I am currently working on a new data source for the waypoint generator. Unfortunately because of the way it’s licensed, it’s only going to be for the iPhone version of CoPilot, and I can’t make it available for GPX and other users. Now all of my data loaders have, up until now, been written in Perl, and I have a really good Perl module that performs many of the loading tasks, such as merging existing data with new data.
The new data comes in the form of a gigantic XML file with a kind of weird schema. The provider actually provides both the gigantic file, and also a smaller set of updates on the 28 day cycle favoured by the ICAO, so hopefully I’ll only have to parse the gigantic file once, and then process the updates. I installed XML::SAX and Expat, and coded up a preliminary decoder to extract some (but not all) of the information that I need, just to make sure I was doing it right. I ran it with a subset of the data, and it seemed to be doing ok, and then just for grins while I was working on improving the code, I fired it off on the whole file. That was 3 days (72 hours) ago. It’s still running. Unfortunately I didn’t put in any progress messages so I don’t know where it is in file, only that it’s past the airport section that I care about. I profiled the subset data, and verified that Perl is spending most of its time in Perl code, not in native code – some of it mine, some of it XML::SAX, and some of it in Moose.

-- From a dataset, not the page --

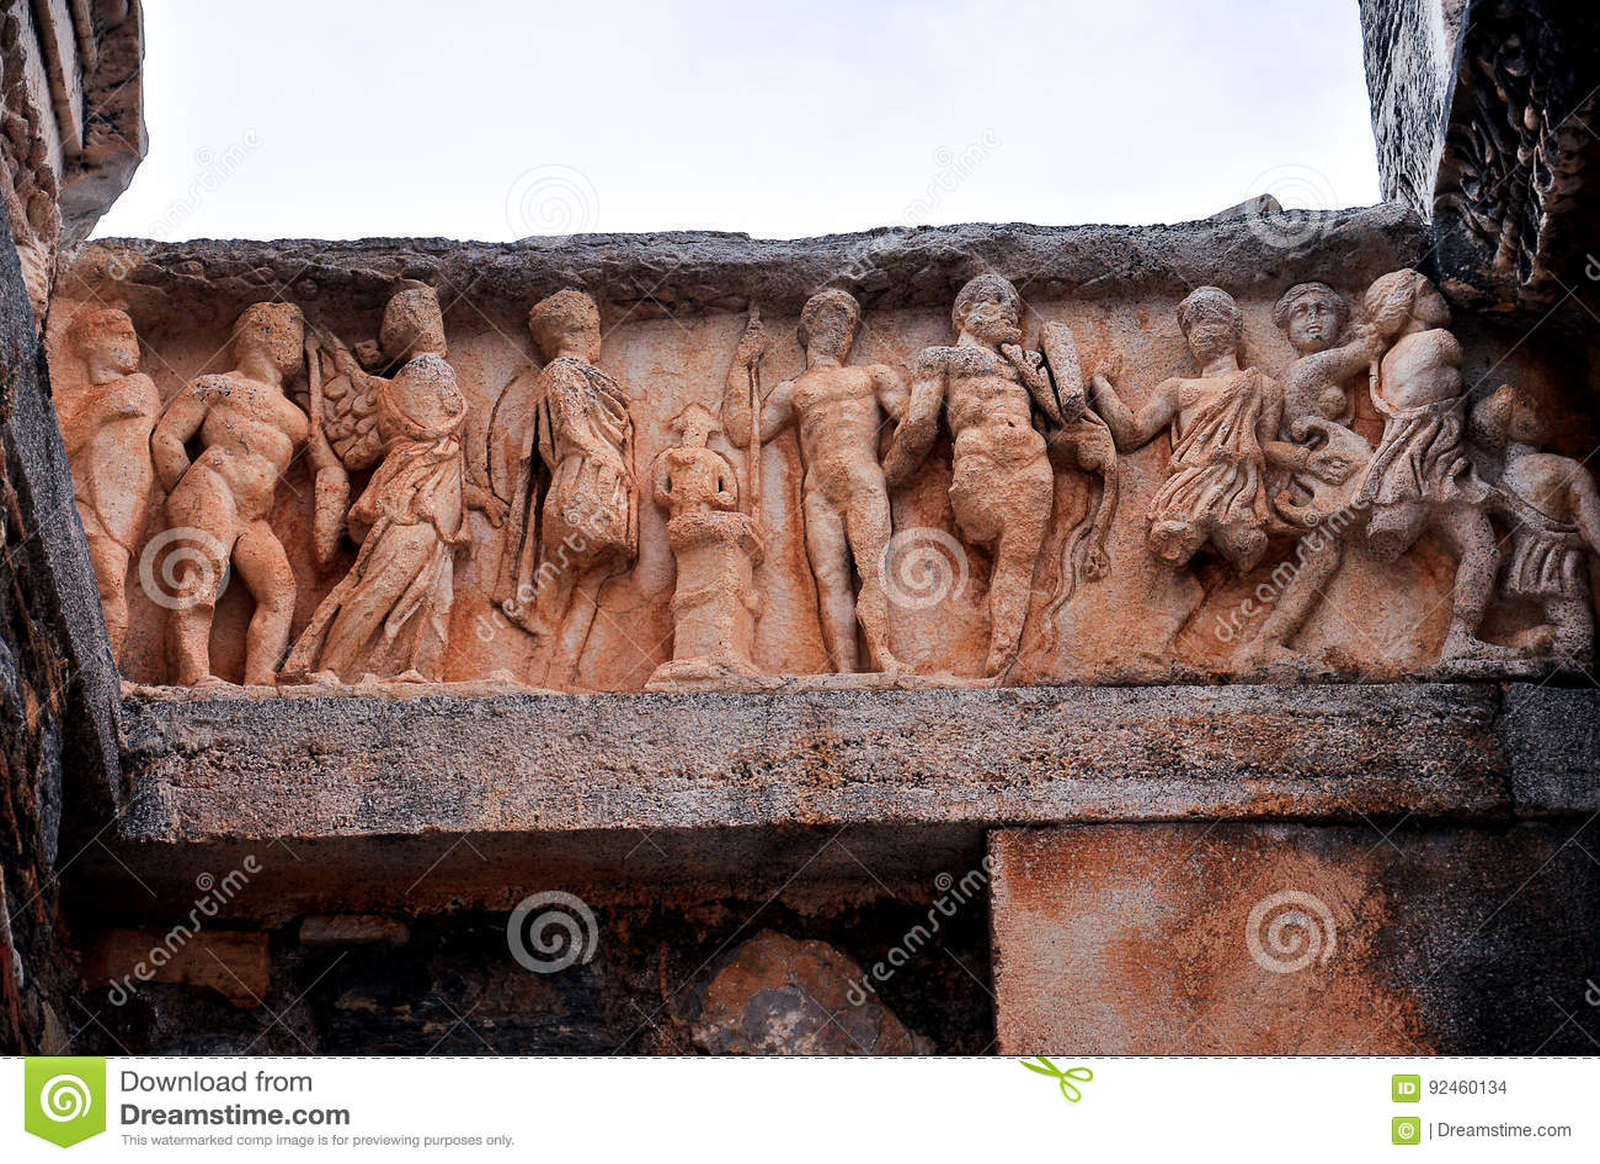 Oude standbeelden in Ephesus

So here’s the conundrum: Do I spend the time to re-write this loader code in another language and hope it’s faster? Or do I accept the fact that this is going to take forever, but hopefully I’ll only have to do it once and then the updates will be small enough that I can do them in perl? Because re-writing in another language means re-writing all the data merging and validation logic code, and could be a potentially huge project. And I won’t know until it’s all working whether it’s going to be faster.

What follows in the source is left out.